▶ What to produce
For this task, output exactly the lines of the material below starting at the line with "Warhammer: Chaosbane - Witch" and ending at the line with "Vedecky považovaná za slaninu"; pictures are to be excluded.

▶ Data for this exercise
....................

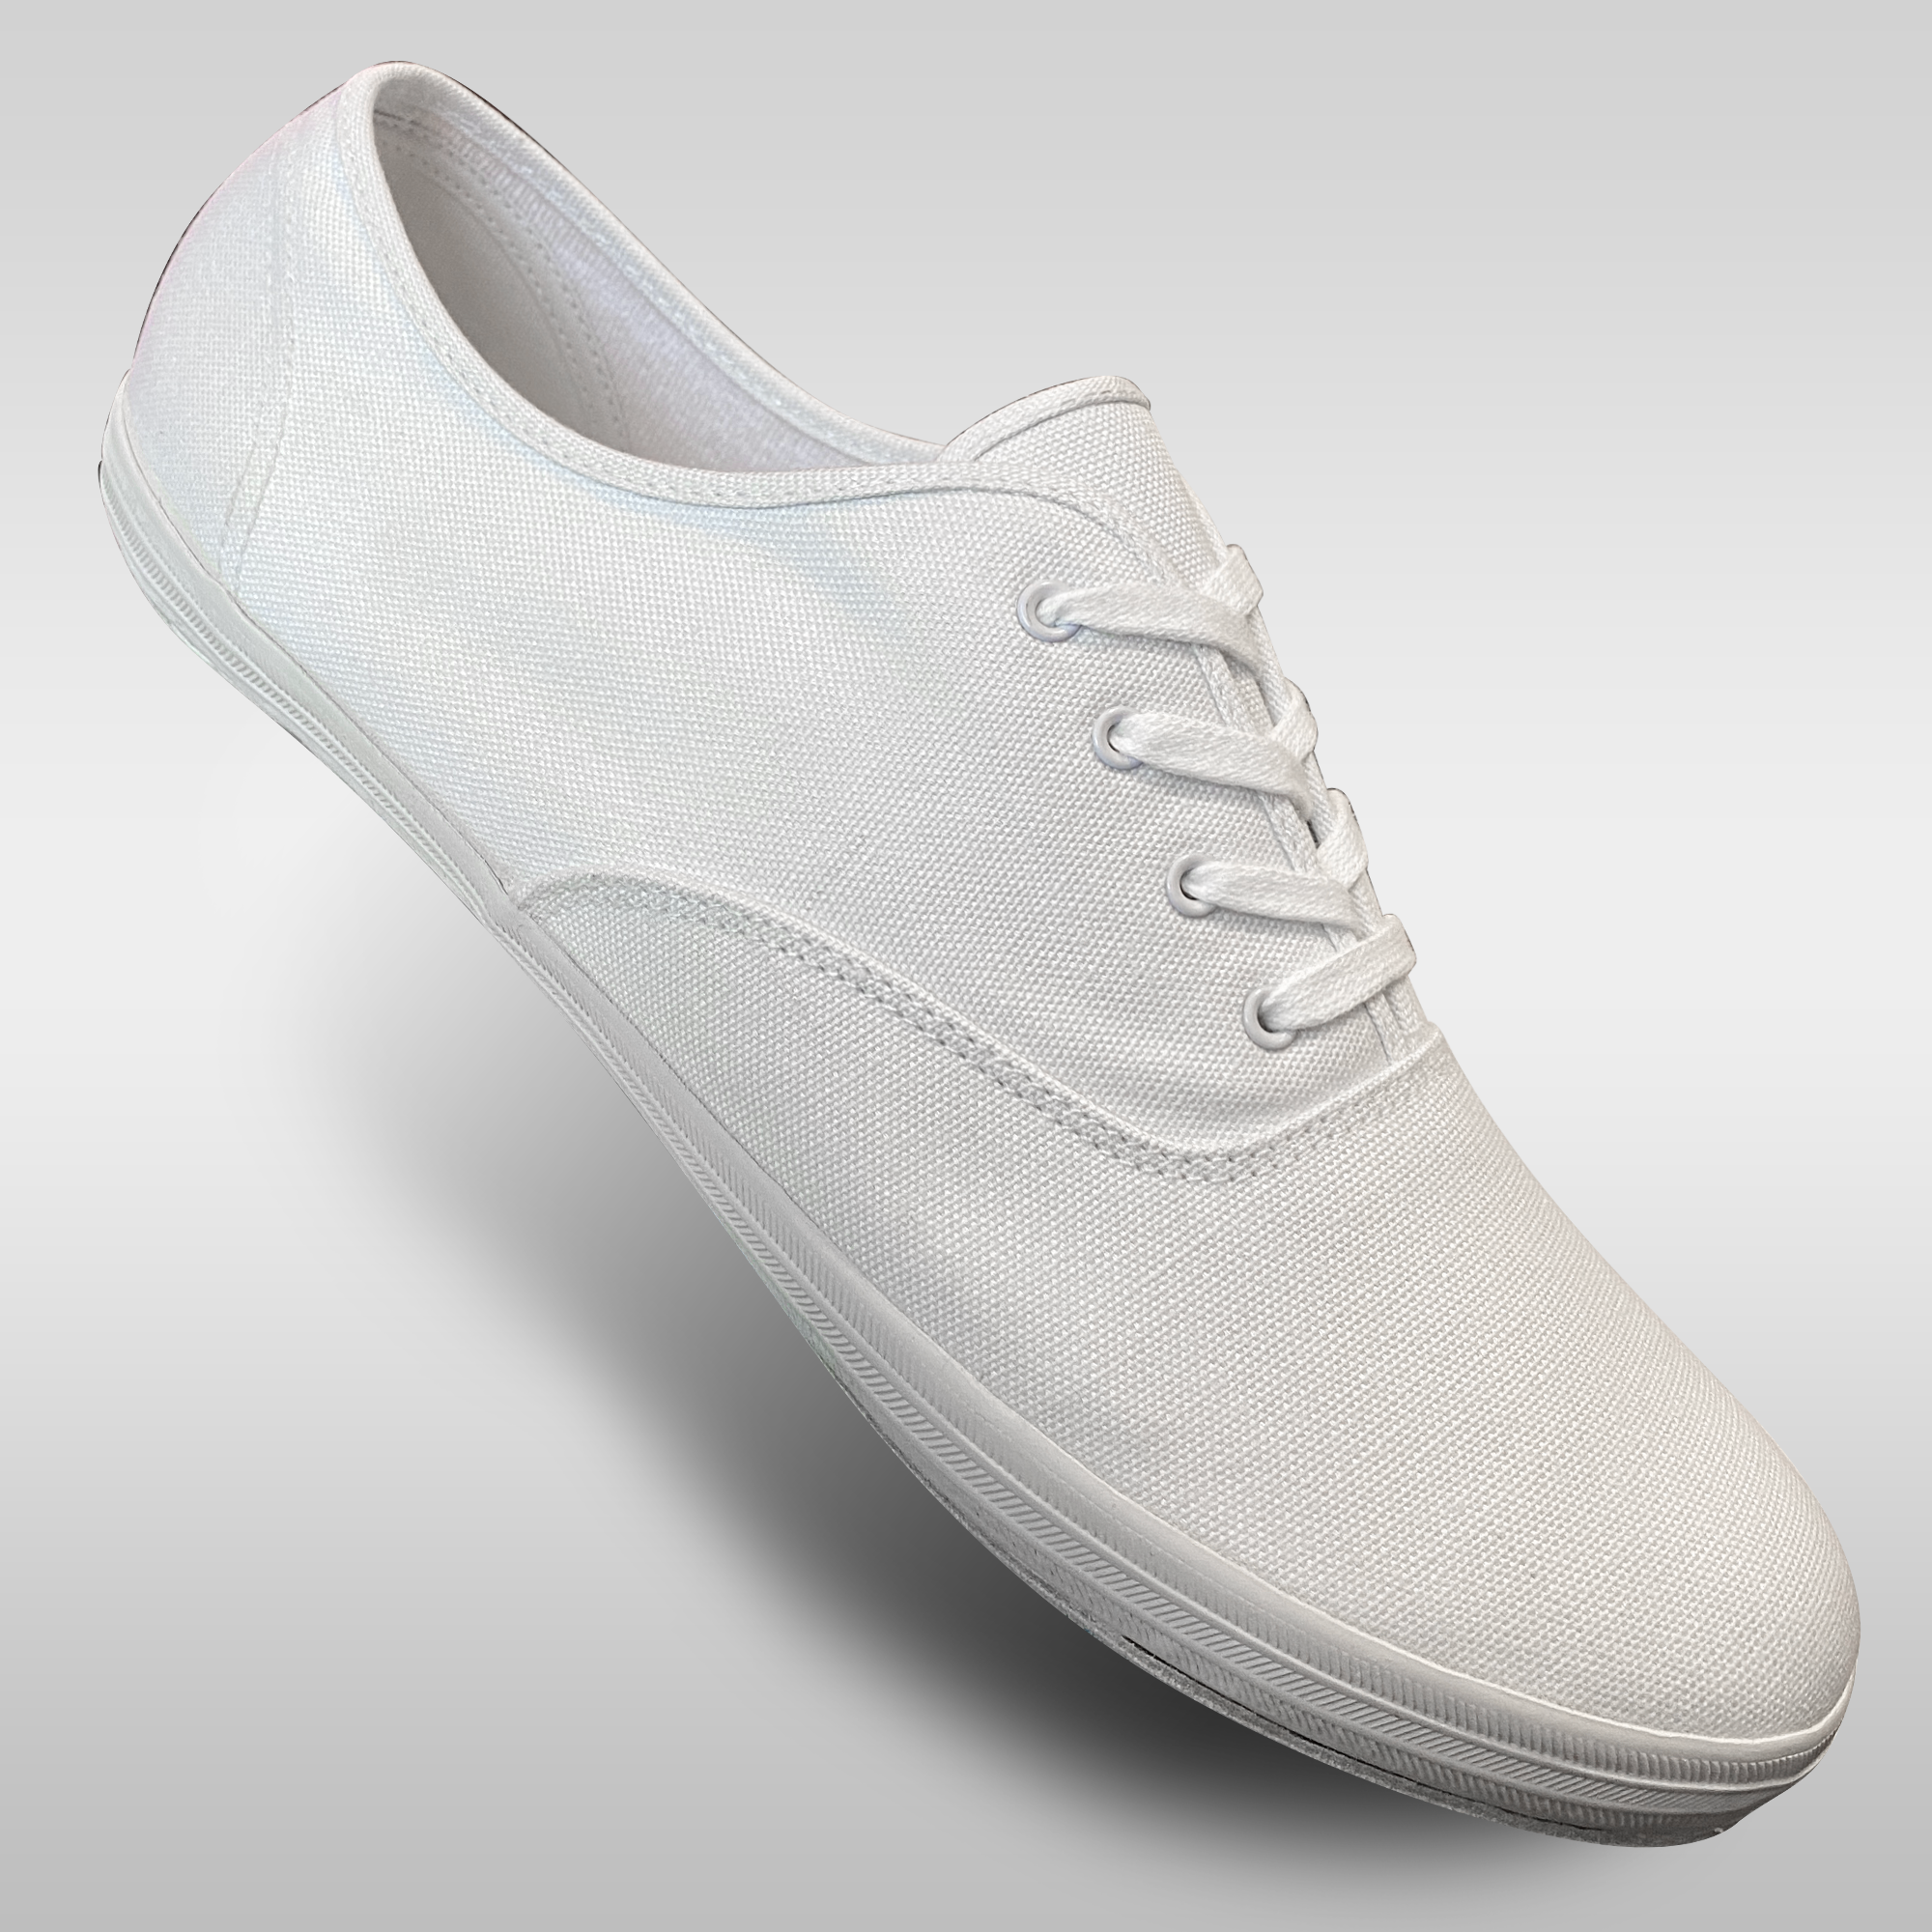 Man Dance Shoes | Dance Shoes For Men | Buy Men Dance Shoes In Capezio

....................

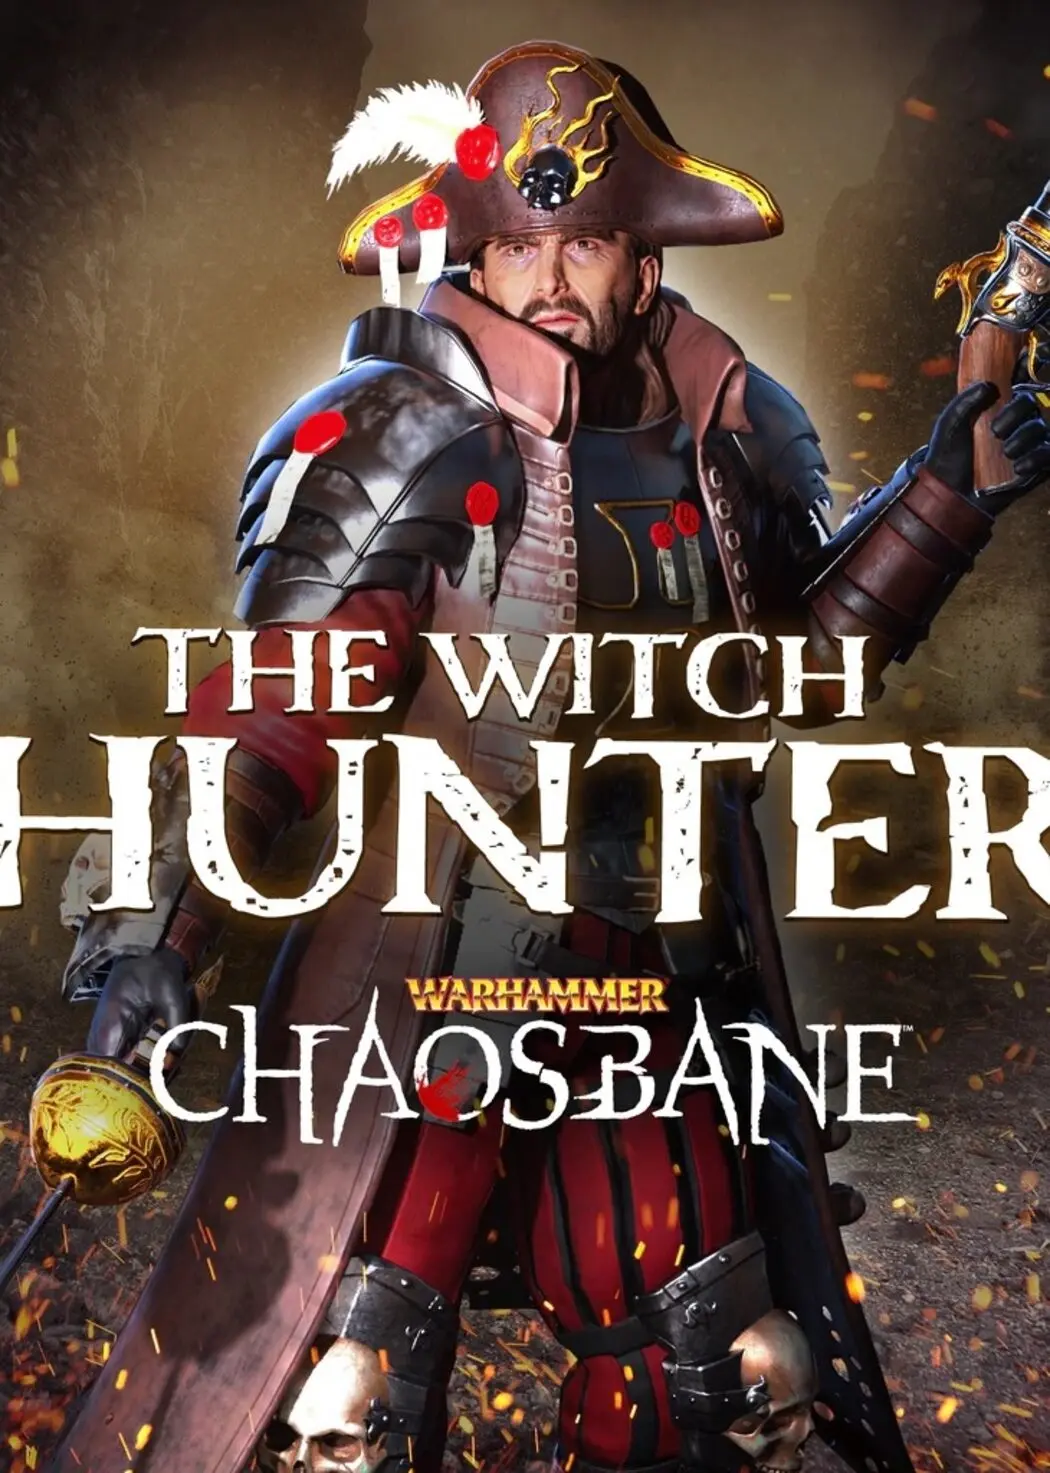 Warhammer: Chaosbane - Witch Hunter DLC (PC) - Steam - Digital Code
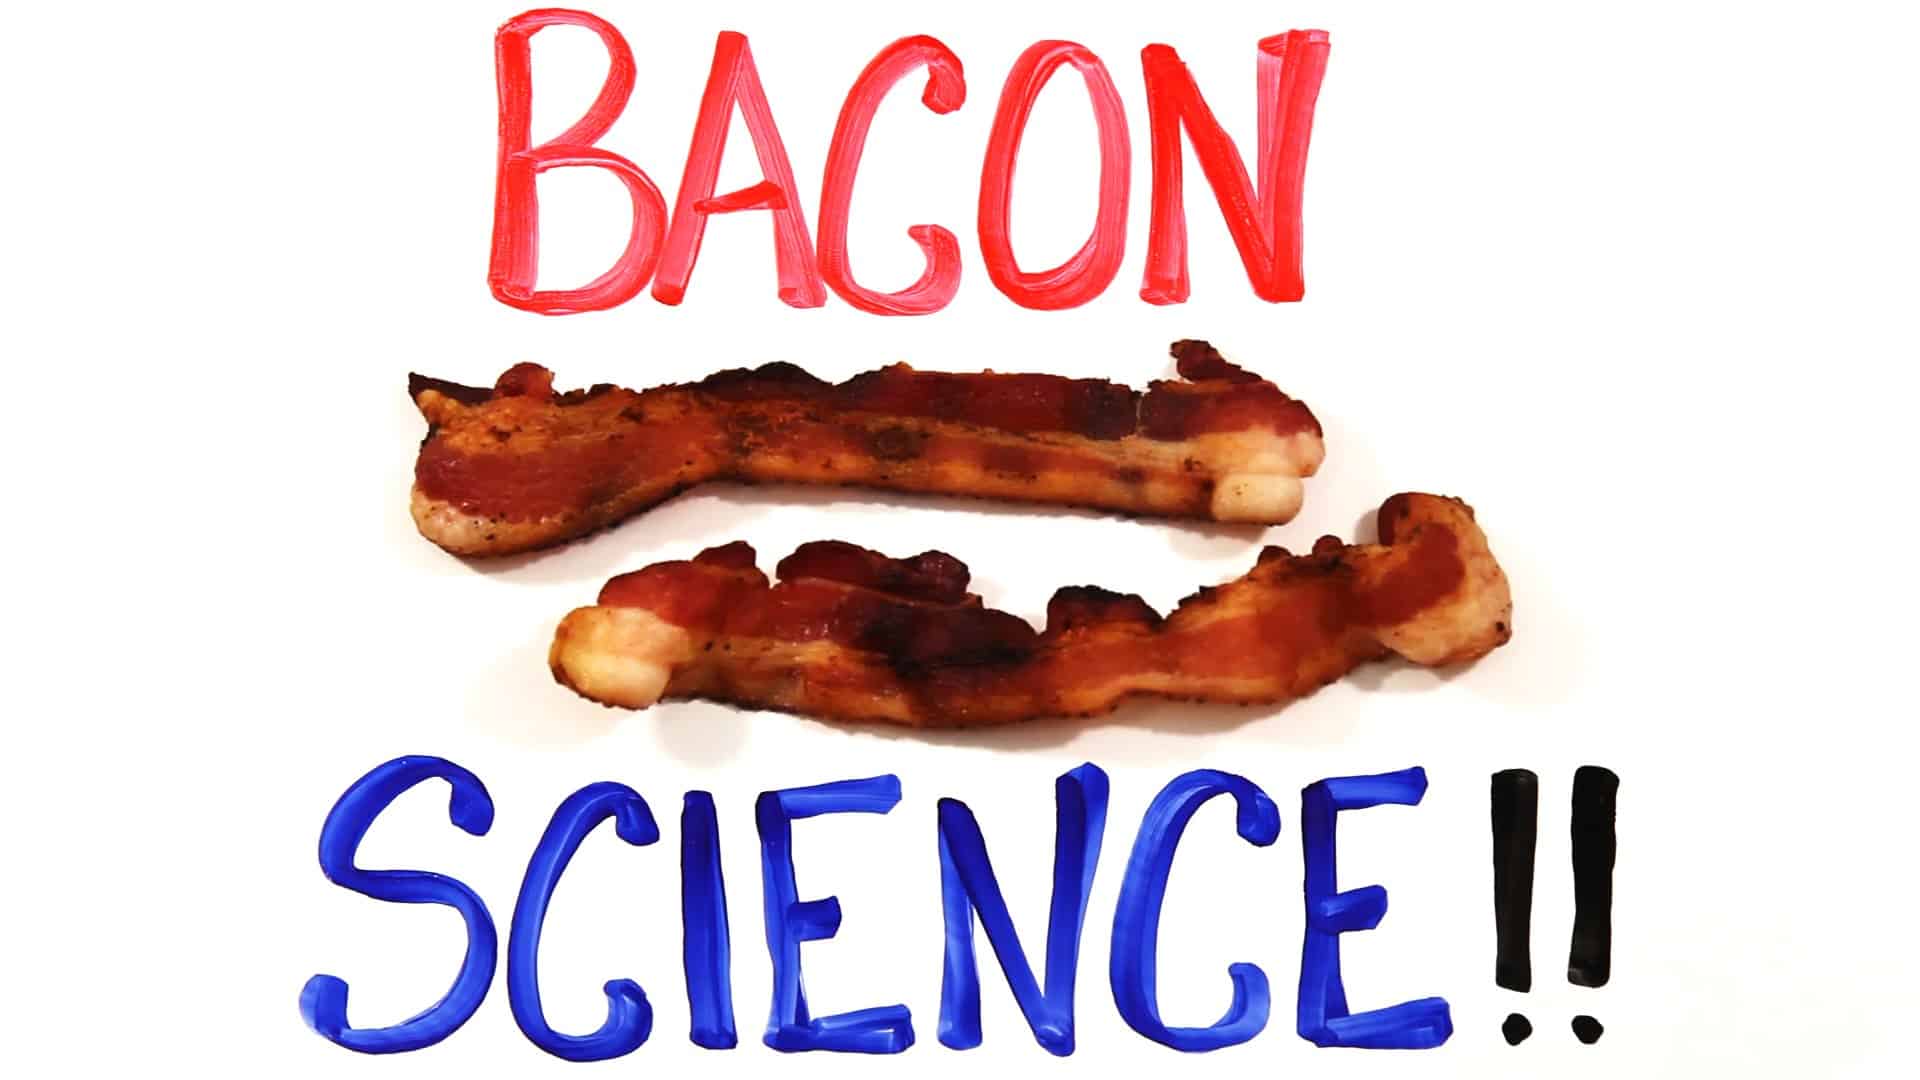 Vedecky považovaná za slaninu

....................

▶ Task output
 Warhammer: Chaosbane - Witch Hunter DLC (PC) - Steam - Digital Code
 Vedecky považovaná za slaninu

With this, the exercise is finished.